#### Task details:
Omit the pictures and return exactly the stretch of the material below from the line with "große Moschee und betende Muslime. foto" through the line with "6 мита за алкалната диета [инфографика]".

#### Data for review:
--- --- ---
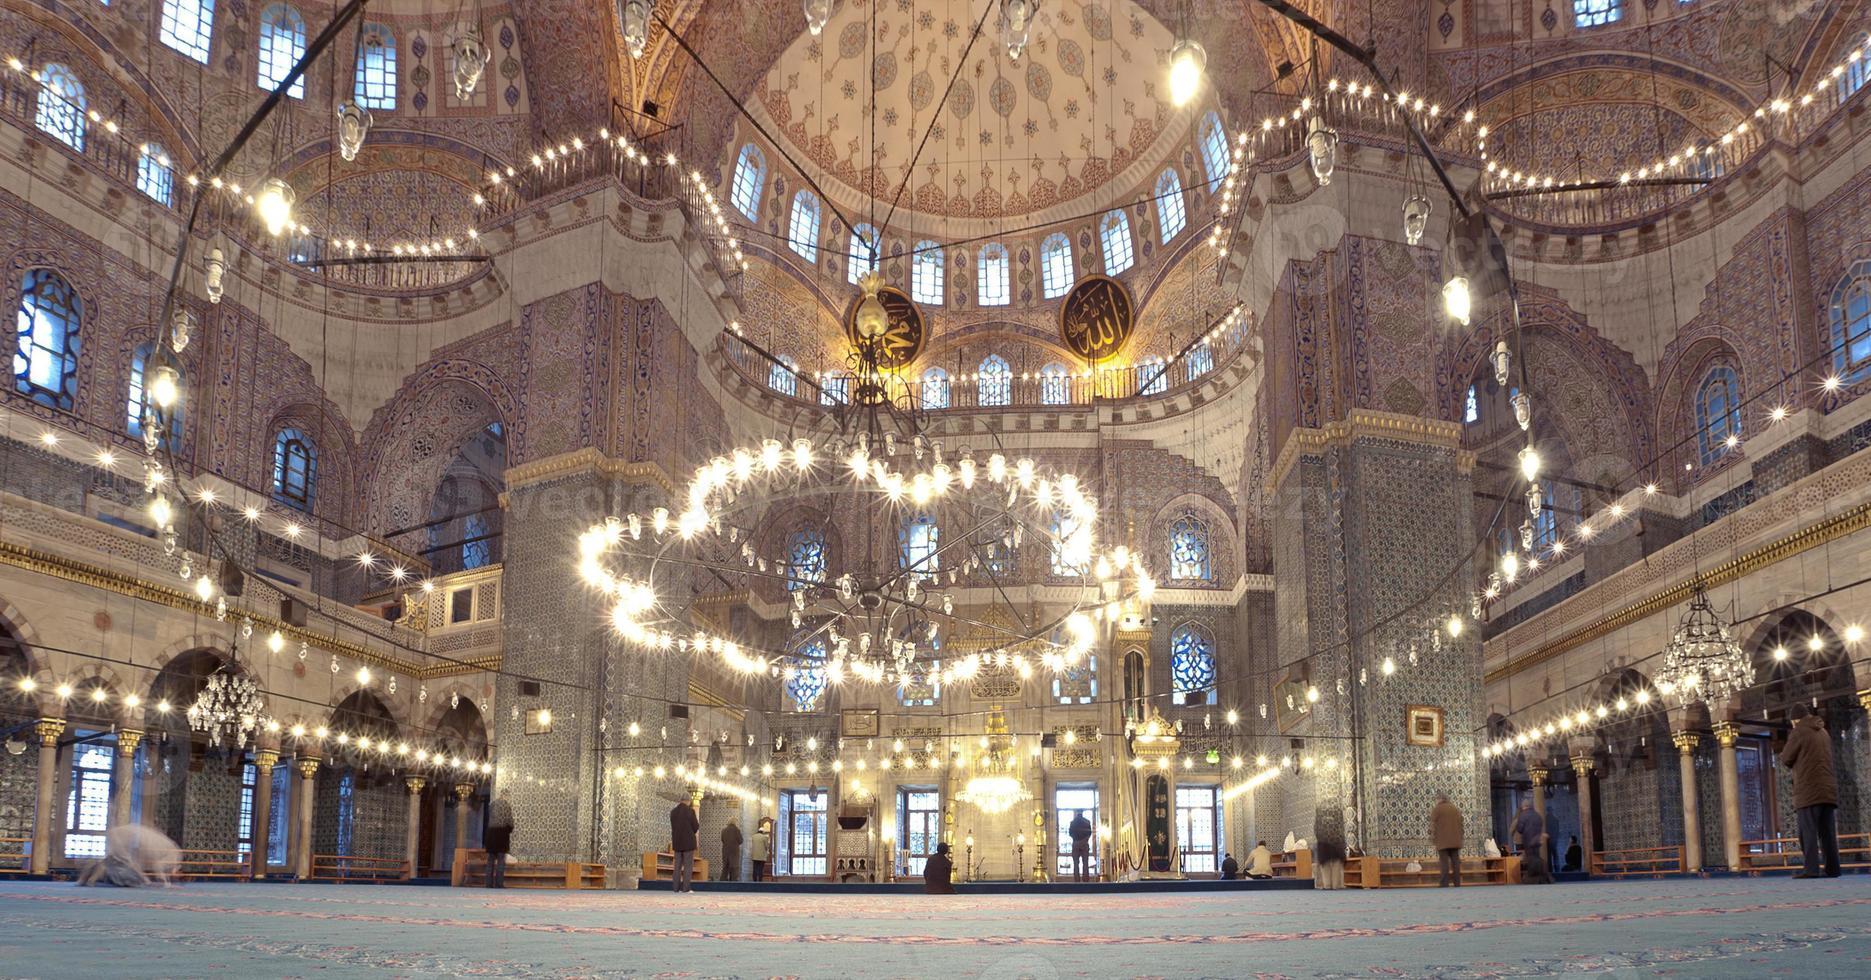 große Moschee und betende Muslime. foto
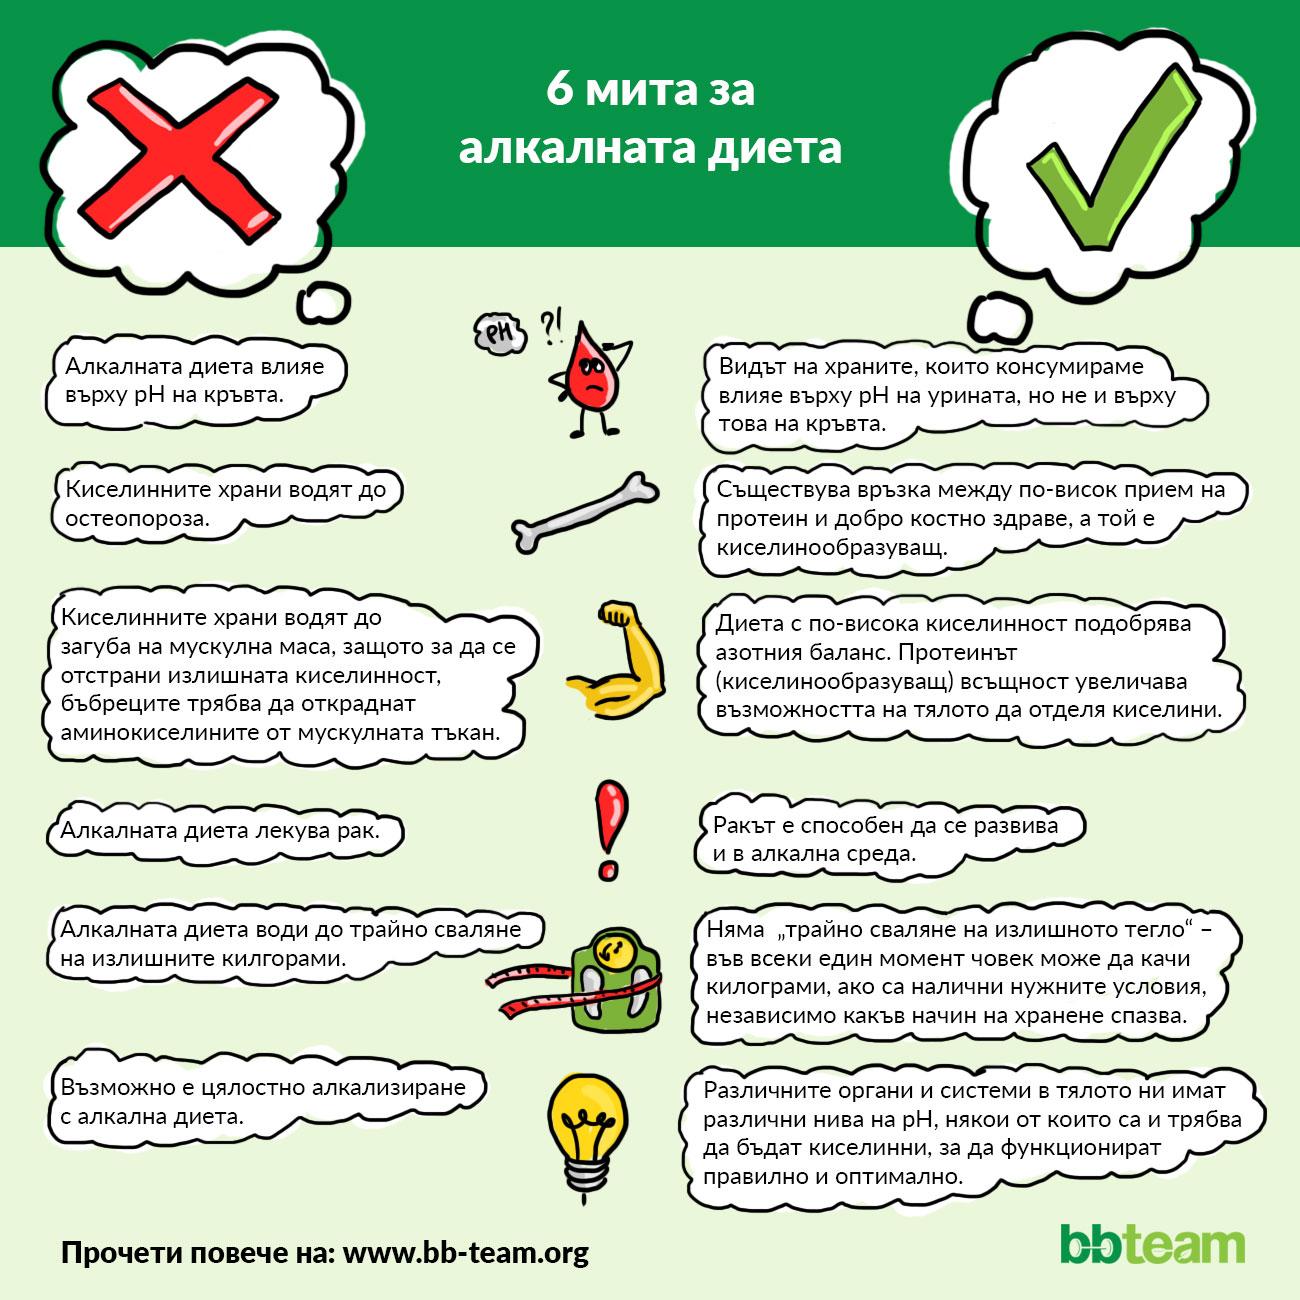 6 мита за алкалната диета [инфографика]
--- --- ---
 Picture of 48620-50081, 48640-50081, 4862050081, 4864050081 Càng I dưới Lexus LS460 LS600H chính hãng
--- --- ---
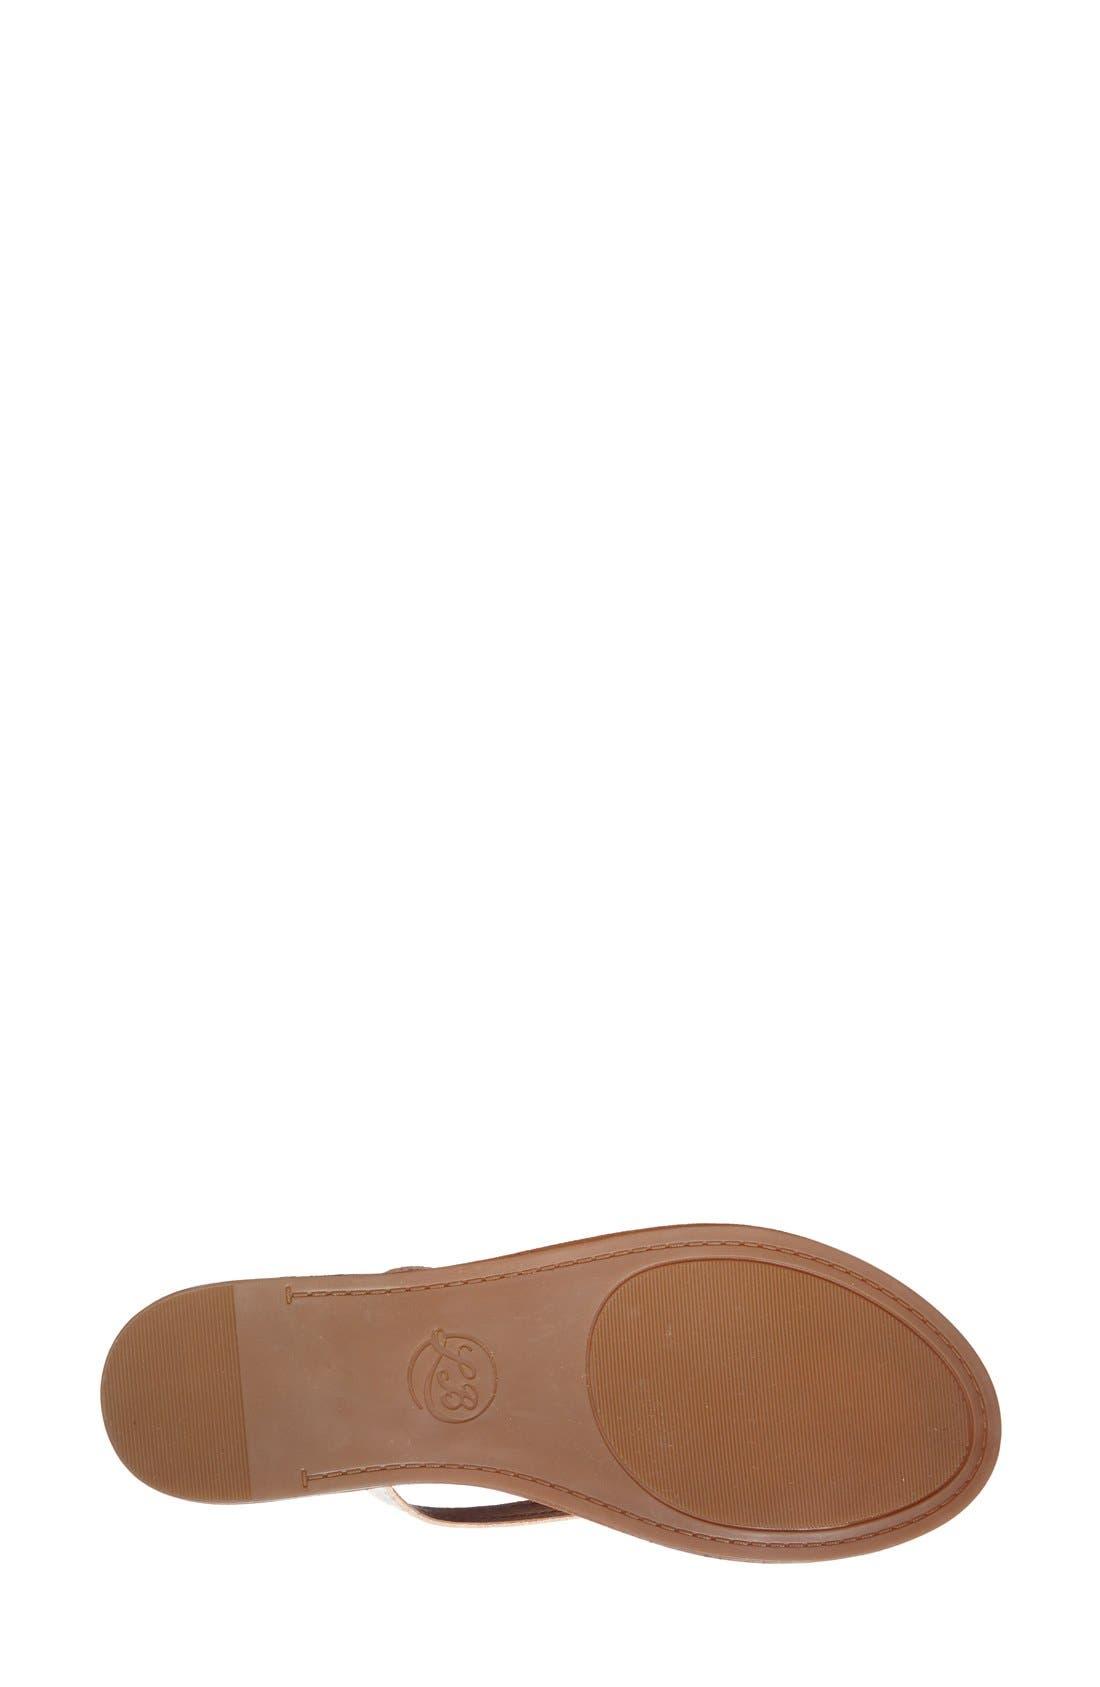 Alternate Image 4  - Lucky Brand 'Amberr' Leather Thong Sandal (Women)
--- --- ---
#### Solution to this exercise:
 große Moschee und betende Muslime. foto
 6 мита за алкалната диета [инфографика]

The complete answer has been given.